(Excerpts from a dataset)
★ ★ ★

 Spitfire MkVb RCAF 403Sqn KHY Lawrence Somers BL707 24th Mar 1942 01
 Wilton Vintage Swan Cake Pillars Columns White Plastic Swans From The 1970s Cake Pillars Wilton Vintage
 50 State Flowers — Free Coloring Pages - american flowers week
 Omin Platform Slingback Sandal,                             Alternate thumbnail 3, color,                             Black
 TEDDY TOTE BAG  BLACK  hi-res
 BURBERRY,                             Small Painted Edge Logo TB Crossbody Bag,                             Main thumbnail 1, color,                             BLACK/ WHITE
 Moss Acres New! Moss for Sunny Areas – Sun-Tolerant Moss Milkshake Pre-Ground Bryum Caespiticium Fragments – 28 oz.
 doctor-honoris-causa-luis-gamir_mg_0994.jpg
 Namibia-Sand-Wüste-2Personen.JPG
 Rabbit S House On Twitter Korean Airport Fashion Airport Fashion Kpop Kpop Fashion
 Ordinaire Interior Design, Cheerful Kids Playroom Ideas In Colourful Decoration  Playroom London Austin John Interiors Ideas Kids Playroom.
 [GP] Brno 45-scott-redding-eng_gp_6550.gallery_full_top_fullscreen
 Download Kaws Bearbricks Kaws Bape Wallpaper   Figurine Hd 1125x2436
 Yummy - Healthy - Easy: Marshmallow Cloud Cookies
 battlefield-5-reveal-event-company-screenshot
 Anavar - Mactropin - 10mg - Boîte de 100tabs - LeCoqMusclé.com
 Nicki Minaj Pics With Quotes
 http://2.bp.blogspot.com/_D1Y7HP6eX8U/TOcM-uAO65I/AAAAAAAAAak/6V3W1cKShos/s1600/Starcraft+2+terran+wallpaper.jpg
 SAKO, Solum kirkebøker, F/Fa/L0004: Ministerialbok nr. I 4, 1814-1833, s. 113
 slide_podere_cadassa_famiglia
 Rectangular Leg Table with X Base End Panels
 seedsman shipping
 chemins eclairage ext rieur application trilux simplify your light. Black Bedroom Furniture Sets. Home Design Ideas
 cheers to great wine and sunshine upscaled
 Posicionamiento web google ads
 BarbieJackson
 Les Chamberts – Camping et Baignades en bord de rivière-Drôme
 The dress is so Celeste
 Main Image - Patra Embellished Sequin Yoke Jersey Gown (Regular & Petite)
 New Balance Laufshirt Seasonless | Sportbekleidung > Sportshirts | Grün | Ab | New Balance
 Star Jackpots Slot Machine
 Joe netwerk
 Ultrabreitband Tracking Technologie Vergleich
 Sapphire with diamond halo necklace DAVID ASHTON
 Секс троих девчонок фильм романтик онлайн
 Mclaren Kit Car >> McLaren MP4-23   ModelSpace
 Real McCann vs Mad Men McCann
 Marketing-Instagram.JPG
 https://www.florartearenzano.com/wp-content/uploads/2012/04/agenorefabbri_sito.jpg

★ ★ ★

Brief: Could you count the lines in the entries that hold the word "Ideas"? Only the number is wanted.

Response: 2